Жан Жак Руссо утверждал, что функционирование человеческих сообществ может опираться лишь на соглашения (convention), хотя «человек родился свободным», что само по себе сомнительно, учитывая, что человеческое дитя совершенно зависимо от матери довольно продолжительное время. Однако правители во все времена стремились объявлять эти соглашения «святыми», «богоданными» и нерушимыми, что преследовало совершенно ясные цели – поставить их вне критики и облегчить себе проблему управления. С утверждением демократических форм правления задача упростилась – управление стало возможным без участия божественных сил. Между тем, присвоив суверенность самому народу, мы вынуждены признать, что он не может управлять собой иначе, чем делегируя свои власть своим избранным представителям, то есть, по сути, отказываясь от суверенности, в некотором смысле.

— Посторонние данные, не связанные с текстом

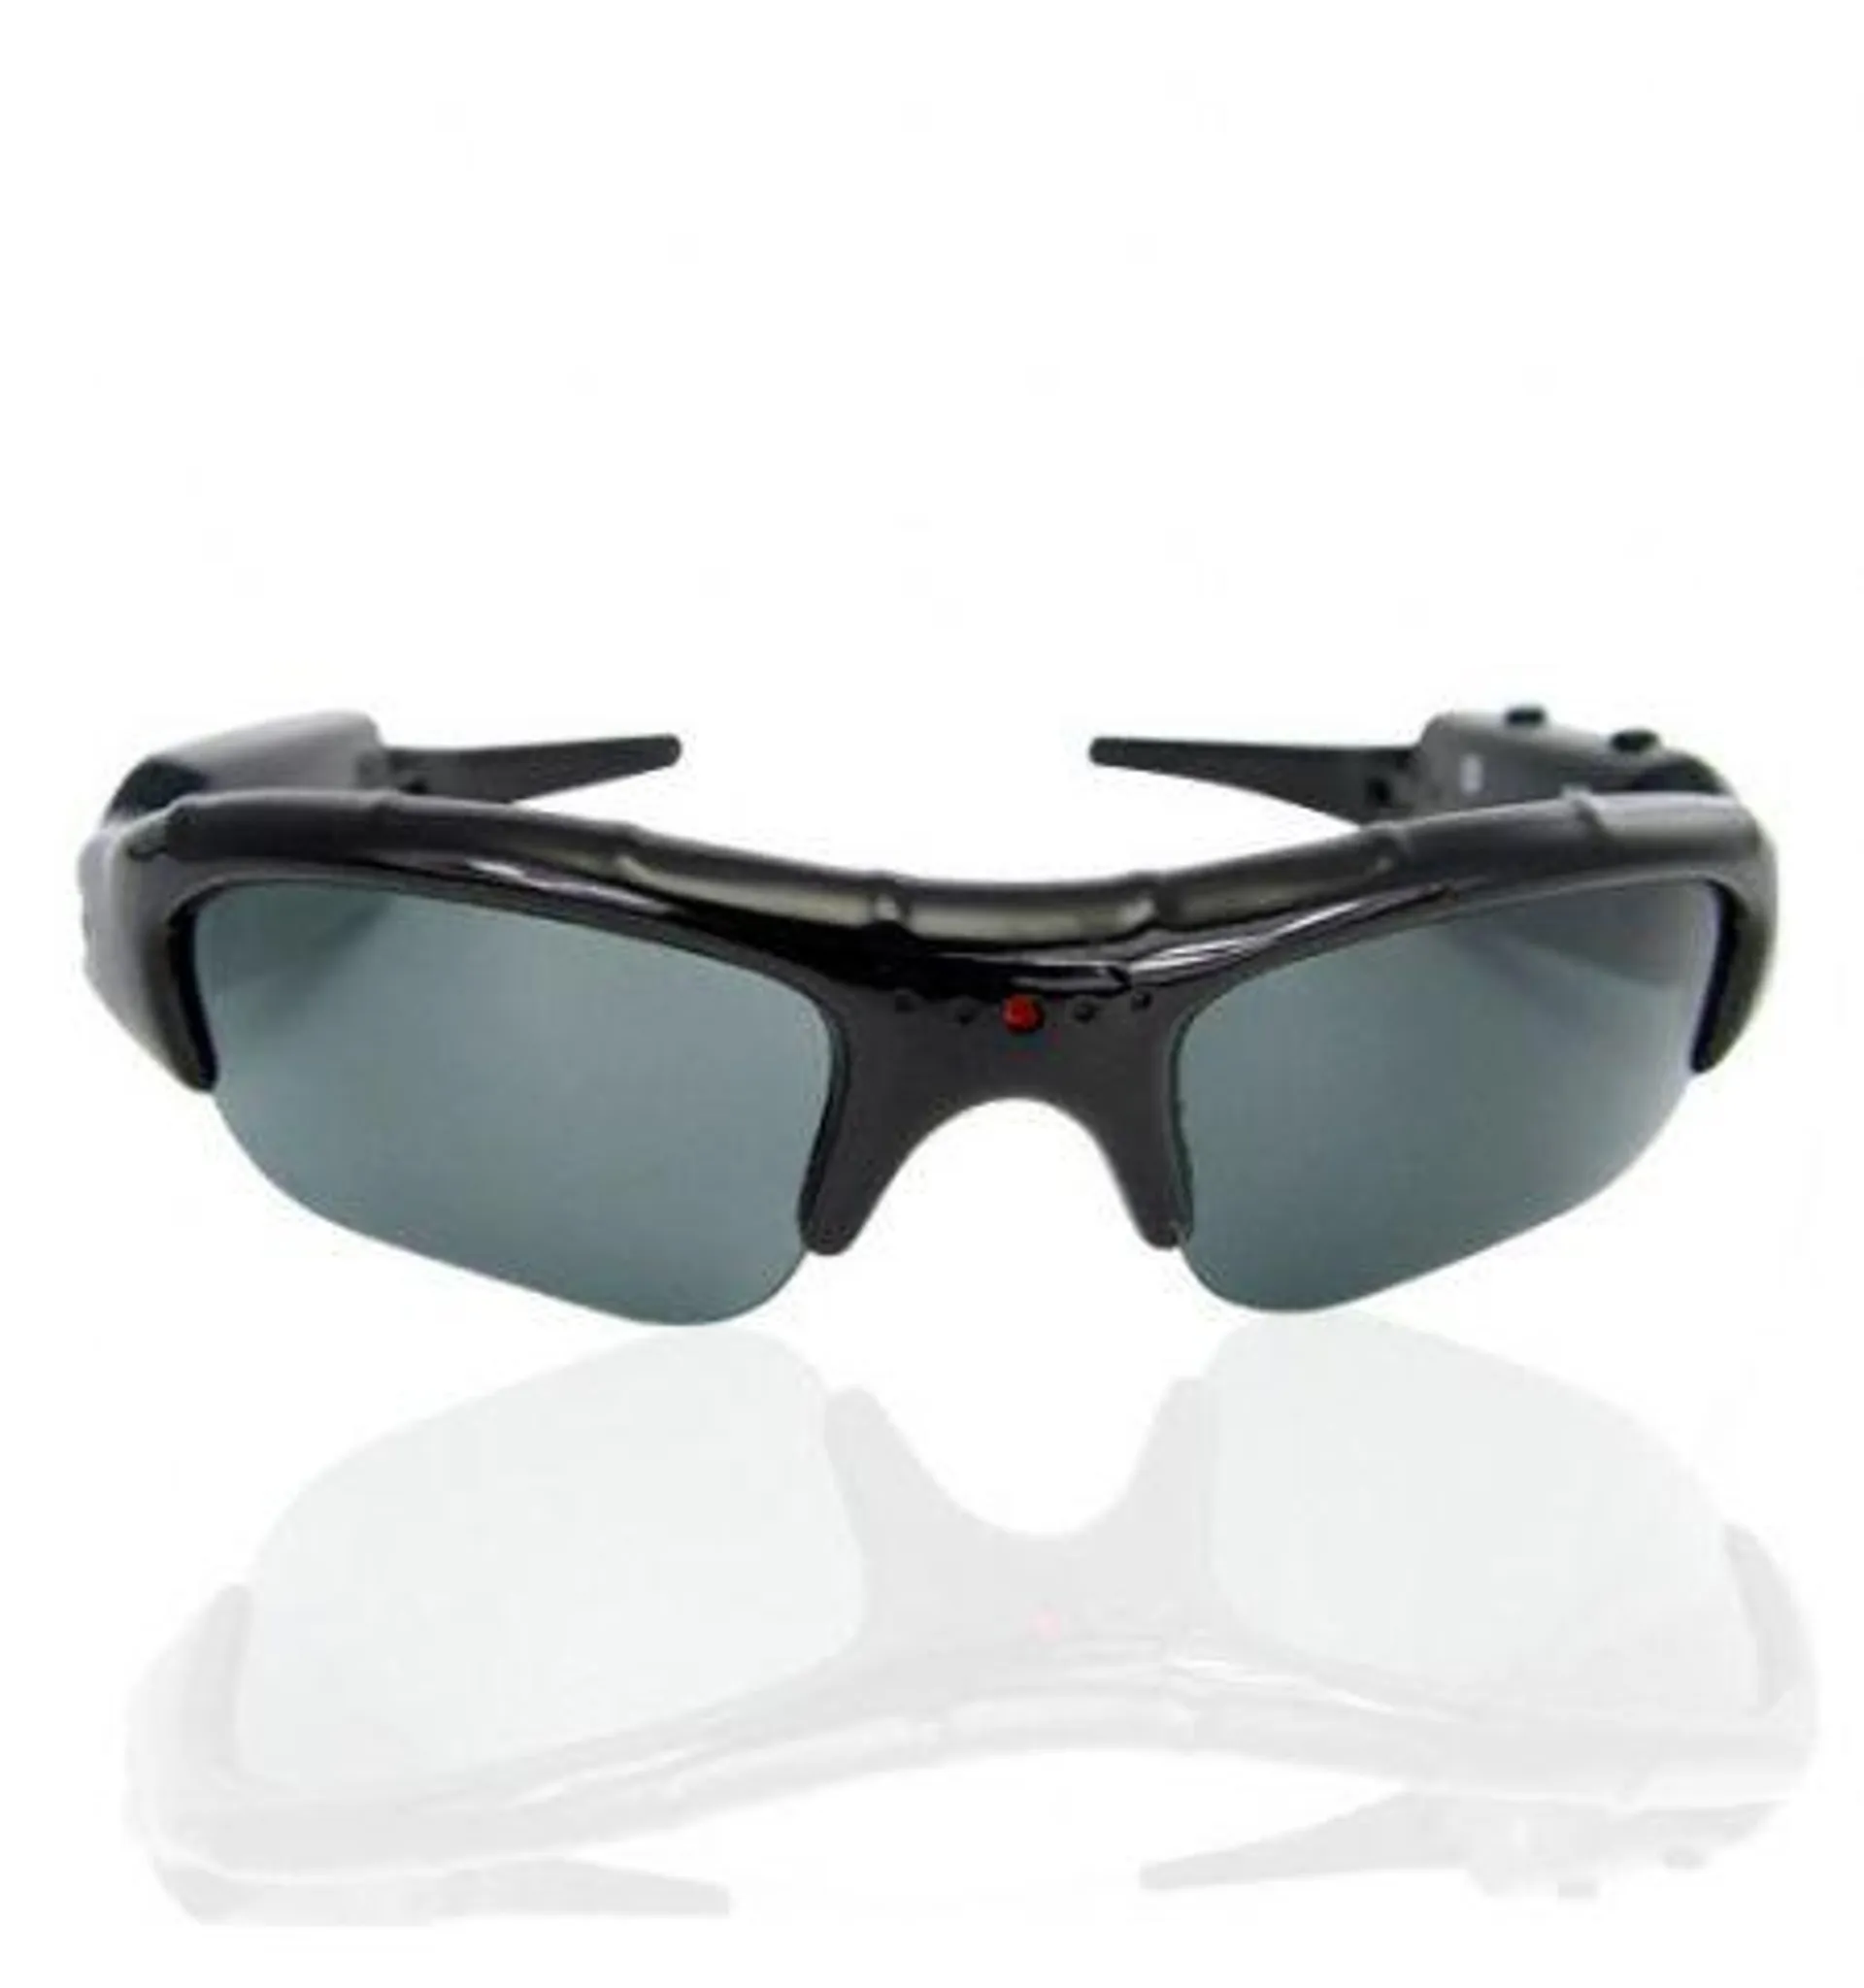 Digital Video Spy Sunglasses
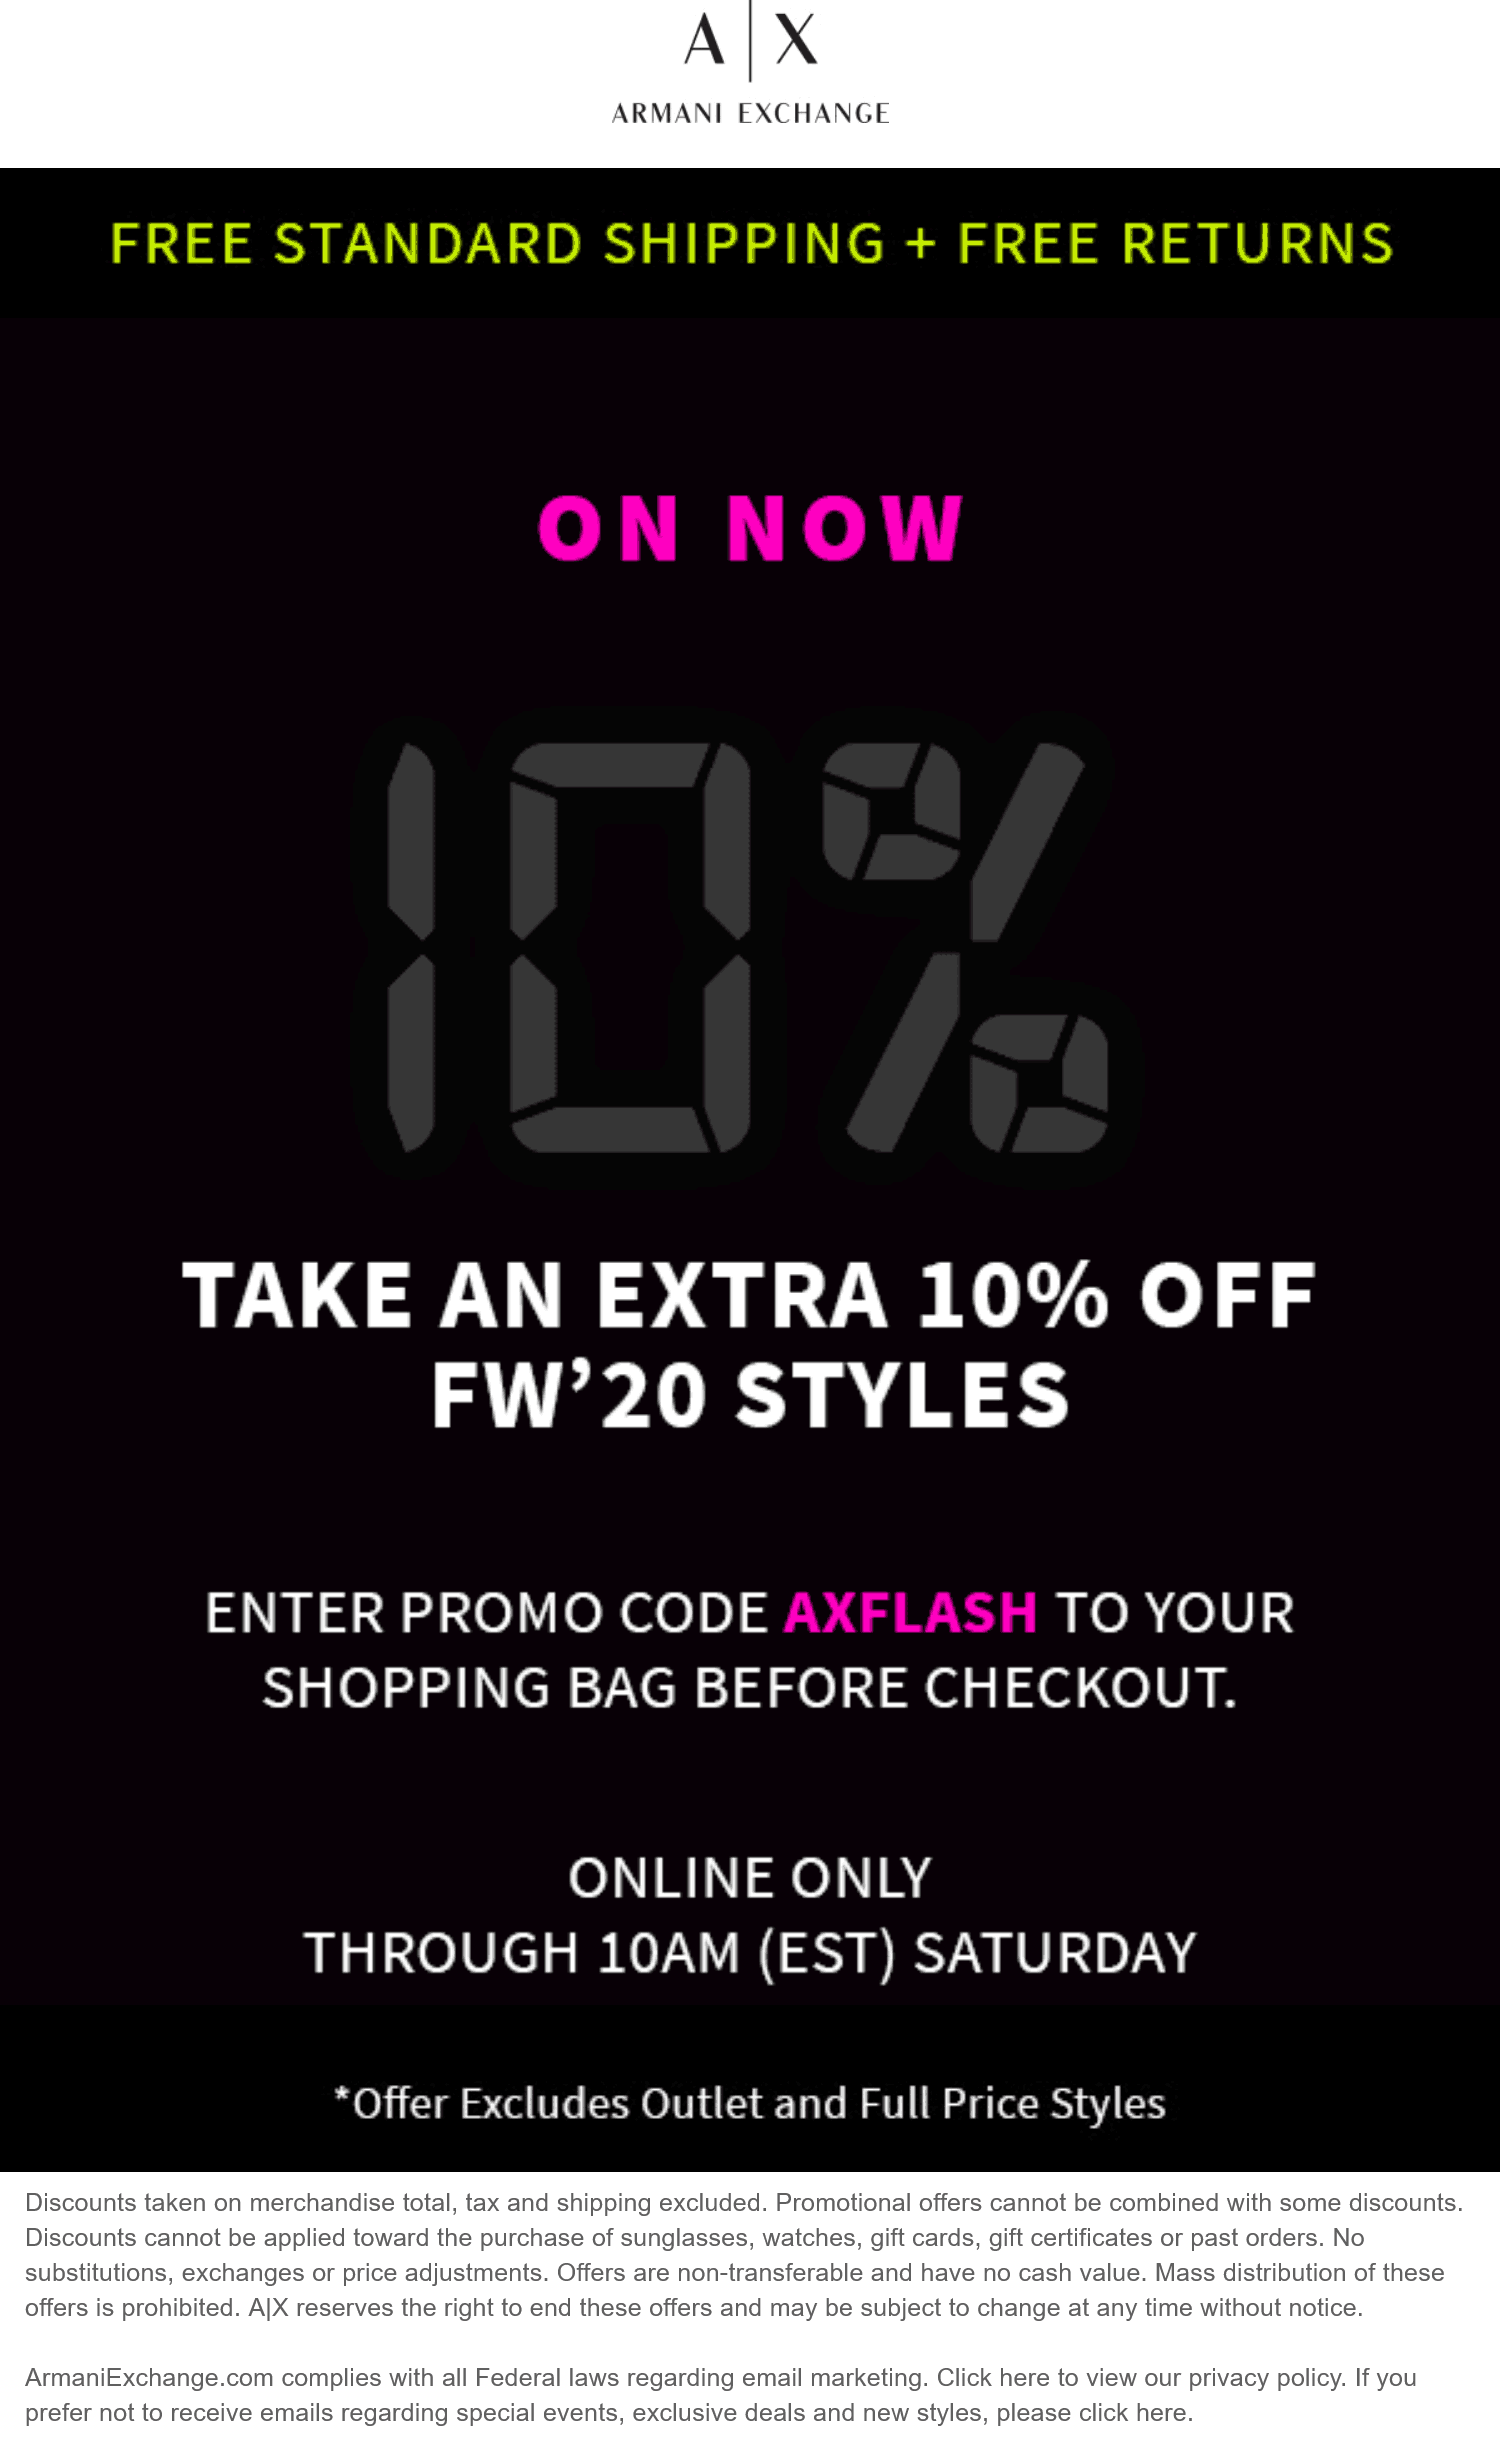 Armani Exchange stores Coupon  10% off online til 10a today at Armani Exchange via promo code AXFLASH #armaniexchange

Сам Руссо питал глубокое отвращение к этой мысли, которая, по его мнению, имела свои истоки в феодальном государстве, в котором горстка аристократов обладала всей полнотой власти и неизменно ею злоупотребляла. Он возглашал, что демократия лишь в том случае оправдывает сие название, если хотя бы половина населения участвует в управлении (при этом, скорее всего, он имел в виду половину мужского населения, напрочь забывая о женской ее половине). Возможно, он провидел будущие деспотические «революционные демократии», основанные на «воле всего народа». Действительность нередко заставляет нас делать вывод, что любая идея может быть сведена к абсурду и, в конечном итоге, противоположности сходятся. «общая воля» не более чем миф, так же как и врожденная свобода человека. Свободным может считать себя лишь тот, который может эффективно использовать это свойство. Свобода завоевывается человеческим существом постепенно и никогда не достигает наивысшей «метки», а право гражданина» вторично по сравнению с первичным правом общественного устройства. Из этих же соображений следует, что при любом демократическом общественном устройстве граждане свободны в разной степени, даже если общество стремится к этому идеалу. Можем сказать, что каждый обладает свободой в той мере, в которой способен ее защитить от других претендентов, а государство обязано помочь ему в этом, оказывая поддержку и наказывая тех своих граждан, которые нарушают «чужую территорию» в прямом и иносказательном смысле. Самое демократическое общество, которое обещает гражданину максимум свободы, не может существовать без определенной меры подавления. Проблема состоит в том, чтобы найти ту меру, которая обеспечила бы нормальное функционирование государственной машины и одновременно – права человеческой личности настолько, чтобы она не чувствовала себя обездоленной. Проблема усложняется тем, что человеческие личности чувствительны по-разному к ограничению своих прав.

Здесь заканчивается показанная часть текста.